* This blog post is a summary of this video.

Releasing New High-Quality SDXL Model for Free: Tips, Tricks and Best Practices

Author: Think DiffusionTime: 2024-03-23 09:45:00

Table of Contents

Overview of the Powerful New SDXL Model

We released a new SDXL model 2 weeks ago with 10,000 4K images each hand tagged and 1,800,000 training steps. We've worked very hard on this model for the past few months with some of the top model creators. The training time and dataset surpass most other custom SDXL models. Best yet, it's 100% free to use!

The total training time was 750 hours plus 300-400 hours to manually caption the images. The training was split over three separate datasets: 7,000 safer work images, 2,000 background images, and 1,000 not safe for work images. These were then merged into the final model, so yes, this model supports NSFW imagery.

In my experience, SDXL has a really good cinematic feel if you include 'cinematic' in the prompt. So if you prefer that look, I'm sure you'll find landscapes, objects, and things like food very interesting to generate.

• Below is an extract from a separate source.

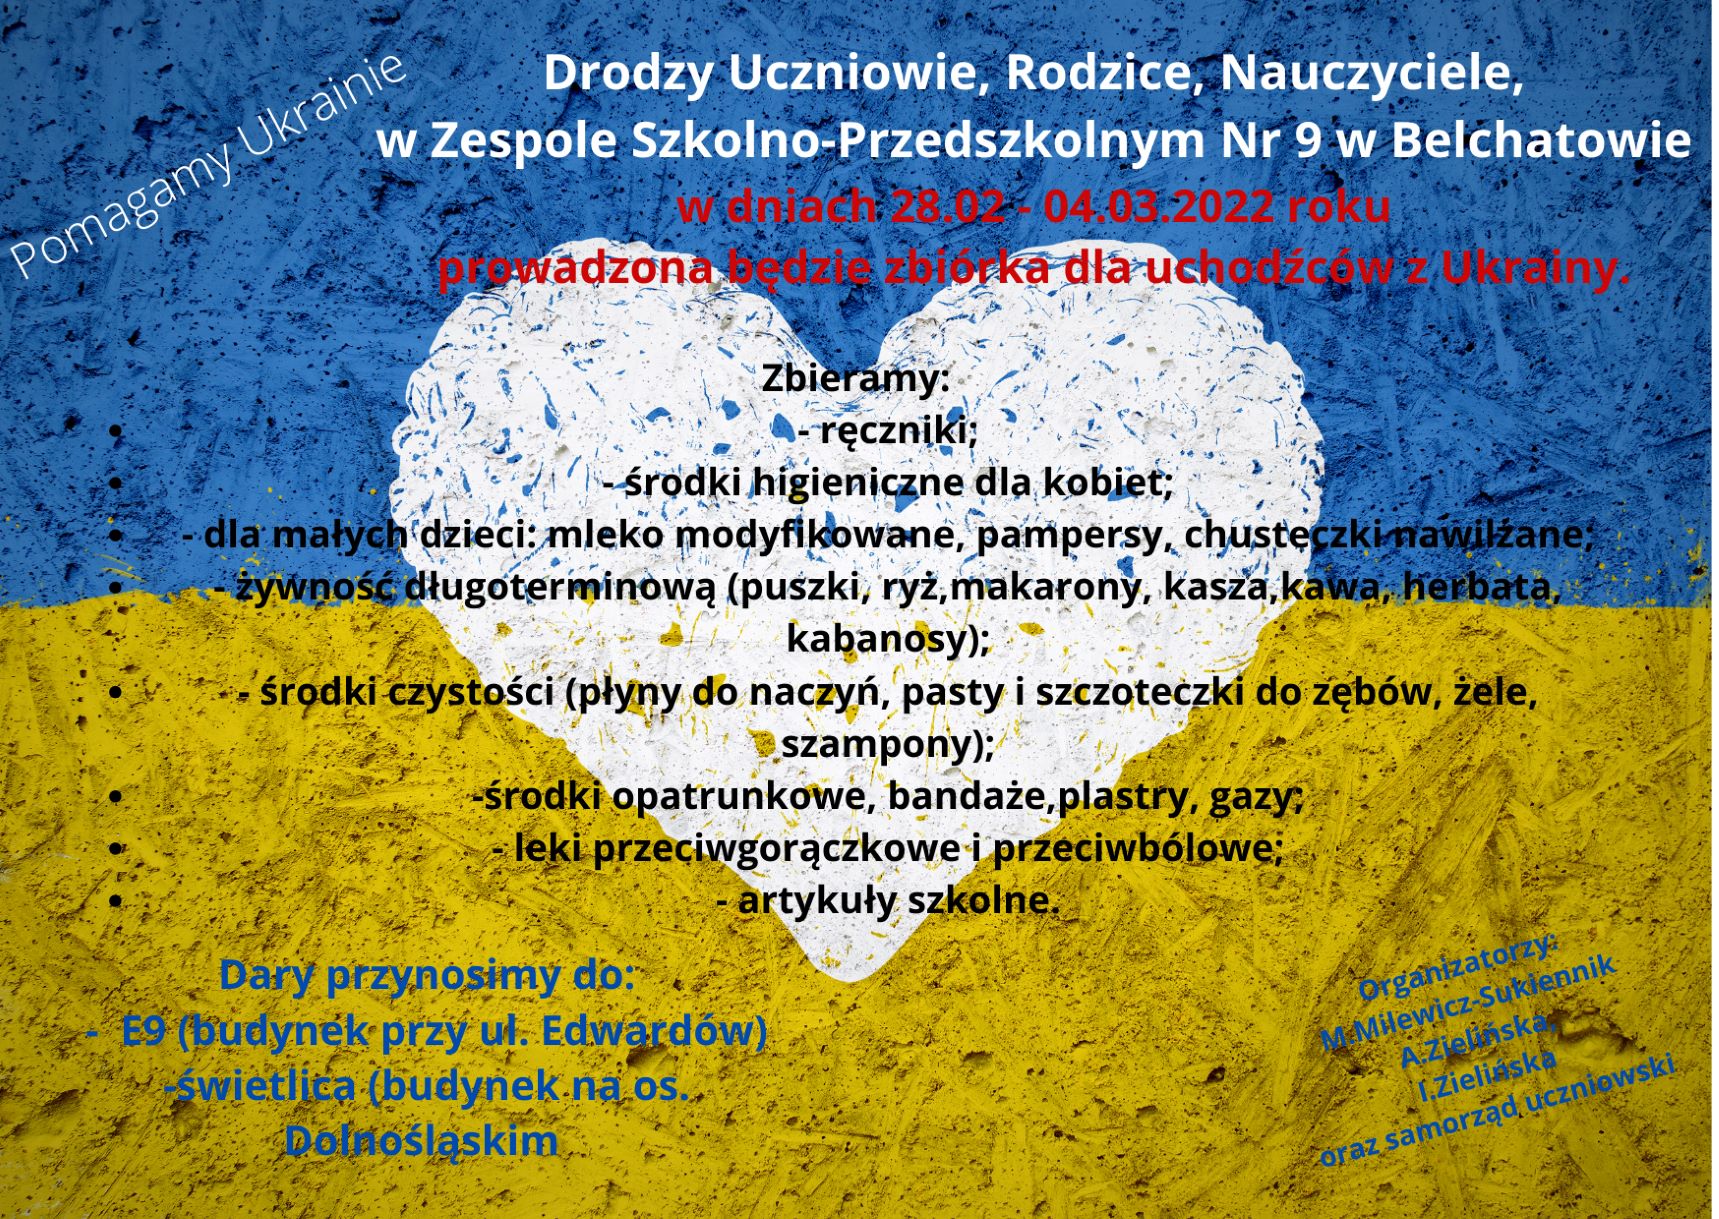 Plakat z informacjami na temat zbiórki produktów dla uchodźców z Ukrainy, potrzebne rzeczy produkty długoterminowe spożywcze, środki higieniczne, produkty dla małych dzieci

Training Data and Compute Statistics

The total footprint of the dataset contained more than 42GB of images. The smallest resolution is 1365x248 pixels, however most are higher resolution with the largest being 4622x6753 pixels. The total training compute was over 750 GPU hours on state-of-the-art hardware with optimal hyperparameters.

Image Quality and Style

Here are some example images from our community on Discord. You can really feel the cinematic style coming through with a high level of detail and realism. SDXL does a great job capturing this look as you'll see in the following comparison with other top models.

Recommended Settings and Prompting Methods

Based on extensive testing, here are the recommended settings and best practices for prompting this model:

Key Model Parameters

Guidance scale should be between 5-10, sampler should be DPM++ 2M CFG scale 7. You don't really need a secondary model refiner. The VAE strength can be normal or high based on your preference.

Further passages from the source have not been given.